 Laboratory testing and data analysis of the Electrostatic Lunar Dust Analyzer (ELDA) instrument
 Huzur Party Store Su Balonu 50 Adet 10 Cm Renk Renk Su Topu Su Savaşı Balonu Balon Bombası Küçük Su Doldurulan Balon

---

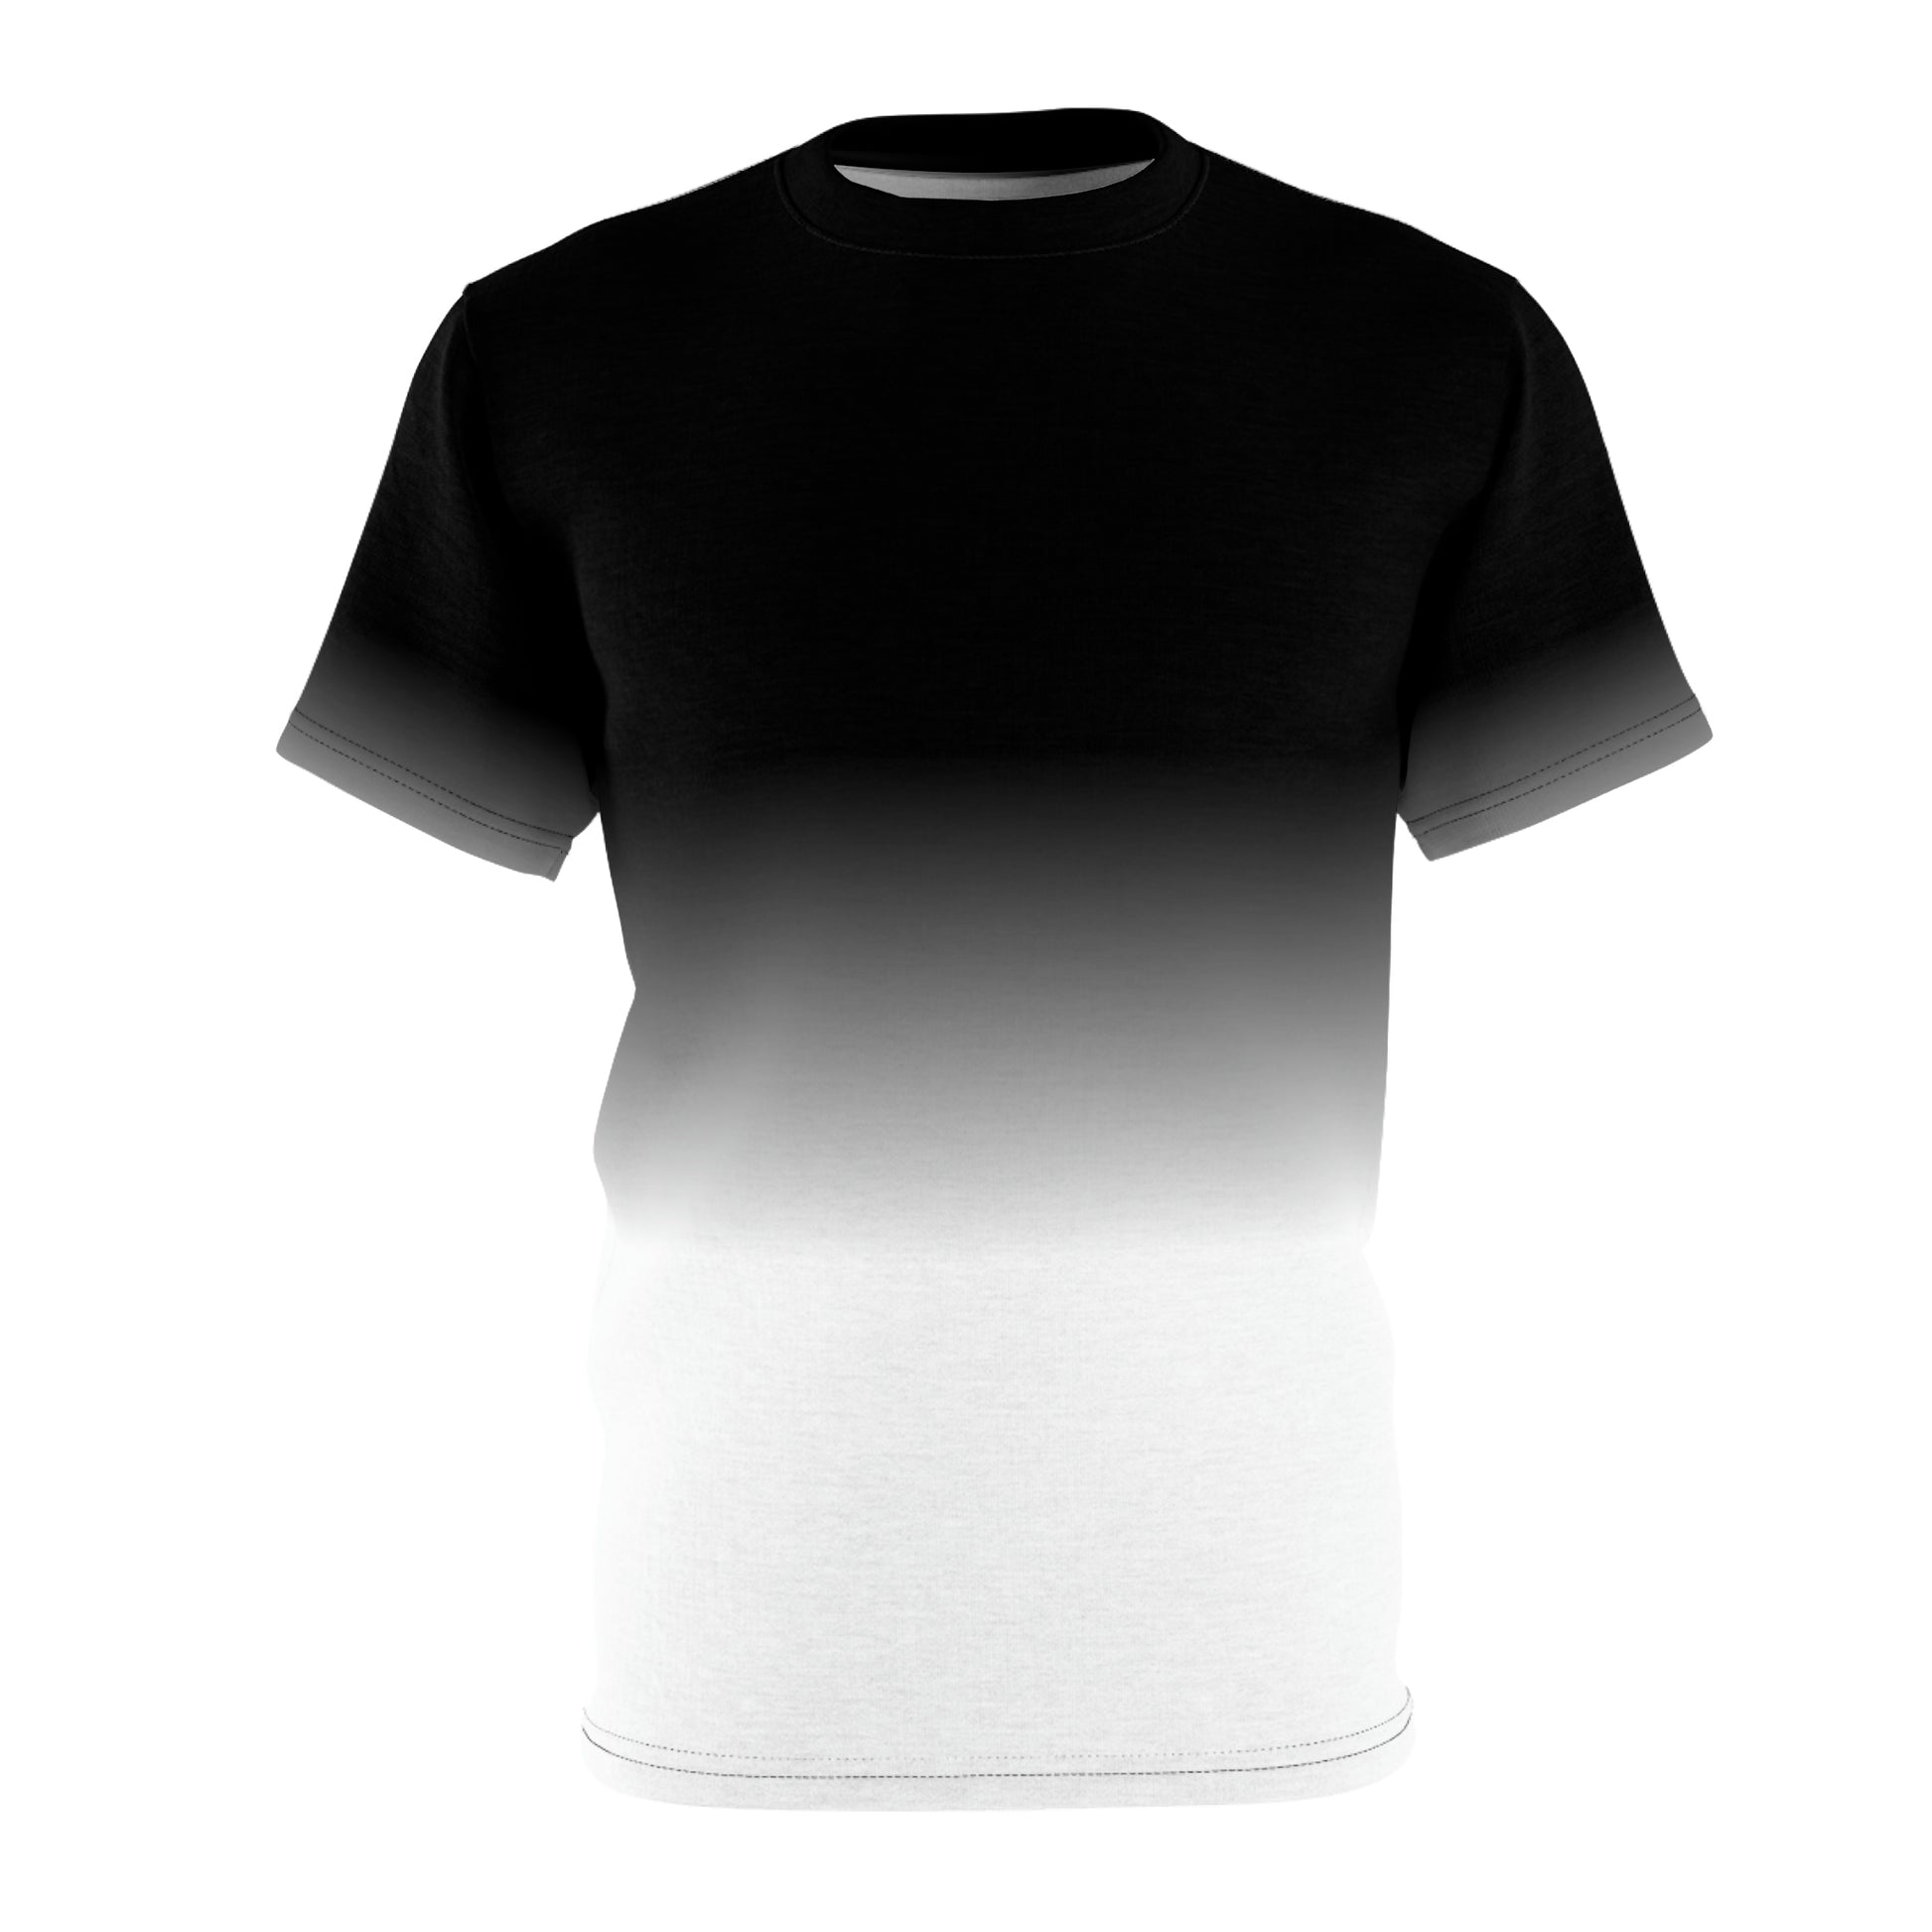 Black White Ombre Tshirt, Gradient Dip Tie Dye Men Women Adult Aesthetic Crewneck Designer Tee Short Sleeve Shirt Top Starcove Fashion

YOUR INSTRUCTIONS
From the listing above, output exactly the run of lines that starts with the line containing "Laboratory testing and" and ends with the line containing "Huzur Party Store".

RESULT
 Laboratory testing and data analysis of the Electrostatic Lunar Dust Analyzer (ELDA) instrument
 Huzur Party Store Su Balonu 50 Adet 10 Cm Renk Renk Su Topu Su Savaşı Balonu Balon Bombası Küçük Su Doldurulan Balon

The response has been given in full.